Made for the house of Augustinian canonesses at Schwarzenthann in Alsace in 1154, the Guta-Sintram Codex is an important witness to close collaboration between men and women in medieval Christian religious scriptoria. The book is a product of the scribe Guta, an Augustinian canoness of Schwarzenthann, and the illuminator Sintram, a canon from the Augustinian house at Murbach. Elegantly illuminated with three dedication miniatures, nine calendar headings, and twenty-six lively historiated, inhabited, and decorated initials, the manuscript is vital evidence of the scribal activity of religious women.
A compendium of all the texts necessary for life at Schwarzenthann, the Guta-Sintram Codex includes a necrology (names of deceased members of the communities of Schwarzentheim and Murbach in calendar order), a collection of Mass homilies, the Augustinian rule with commentary, and a customary (a guide to daily life in the institution).

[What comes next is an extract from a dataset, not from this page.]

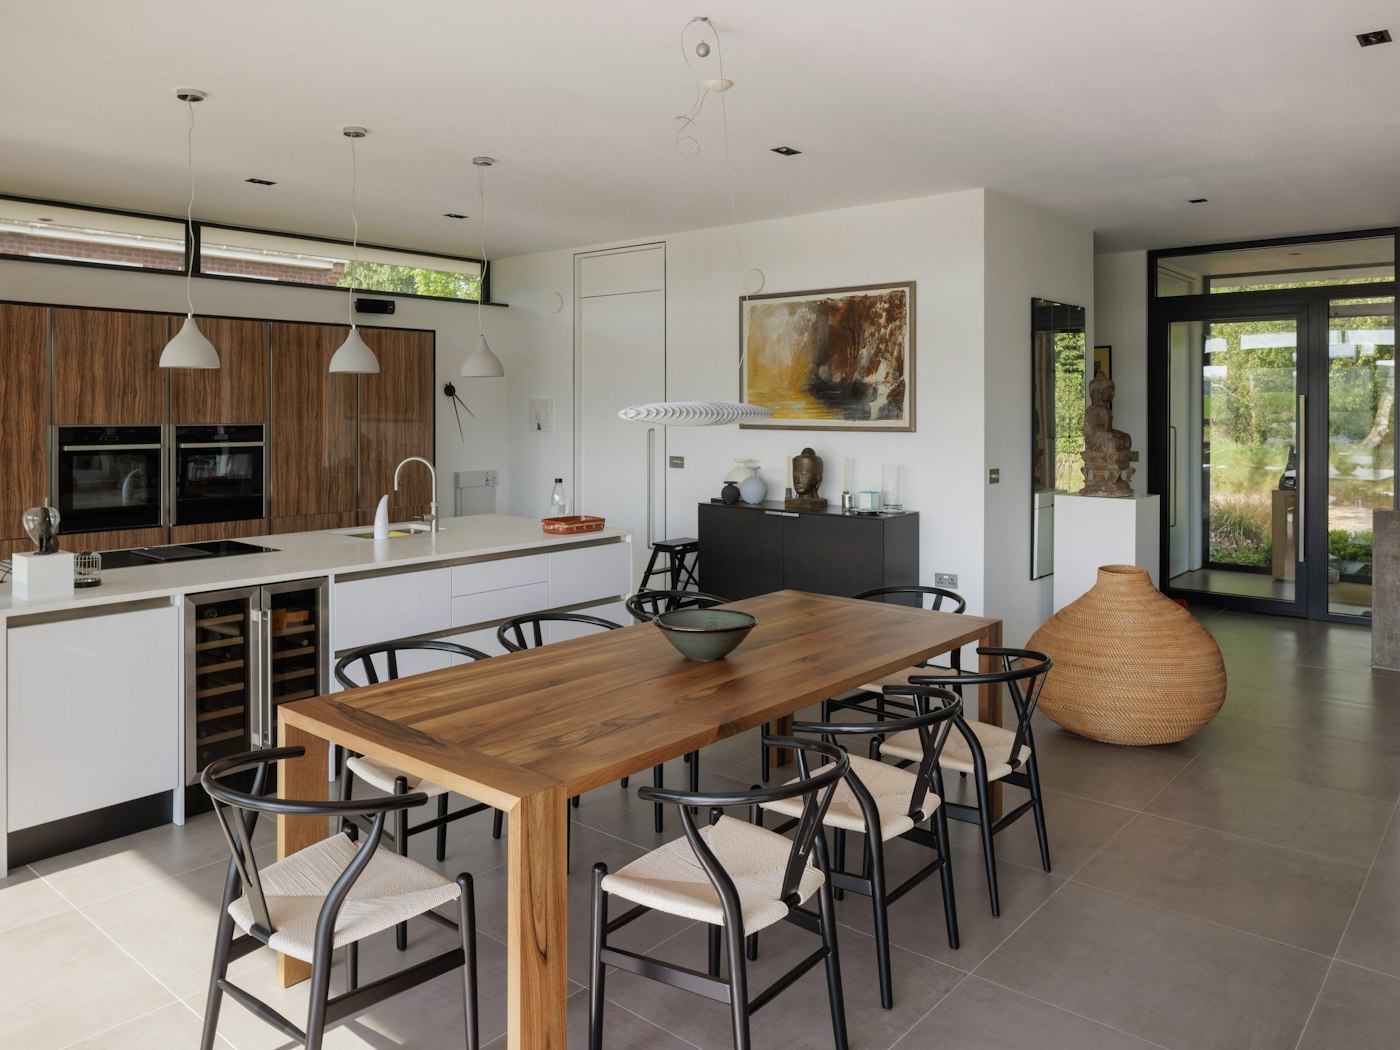 The modern kitchen/dining area is a bright and airy space

Picturing Sponsorship and Authority
The Guta-Sintram Codex boasts three frontispieces. The first illustrates the papal confirmation of privileges on the Augustinian house at Murbach (fol. 2r). The next shows Guta and Sintram paying homage to the Virgin Mary, to whom they dedicate their manuscript (fol. 4r), and the last is a portrait of Saint Augustine flanked by canons and canonesses (fol. 5r). Painted by Sintram in an elegant Romanesque style, the frontispieces visually affirm the status of the codex within the history of Murbach-Schwarzenthann.
Care of Body and Spirit
Also significant is the illumination of the necrology, every surviving month of which is decorated with an illustrated heading that spans across an opening. In addition to a richly decorated KL monogram, each heading includes the sign of the zodiac, the labor of the month, and a banderole with pharmaceutical recipes and medical advice. The necrology thereby provides a guide to the physical health of the canonesses of Schwarzenthann.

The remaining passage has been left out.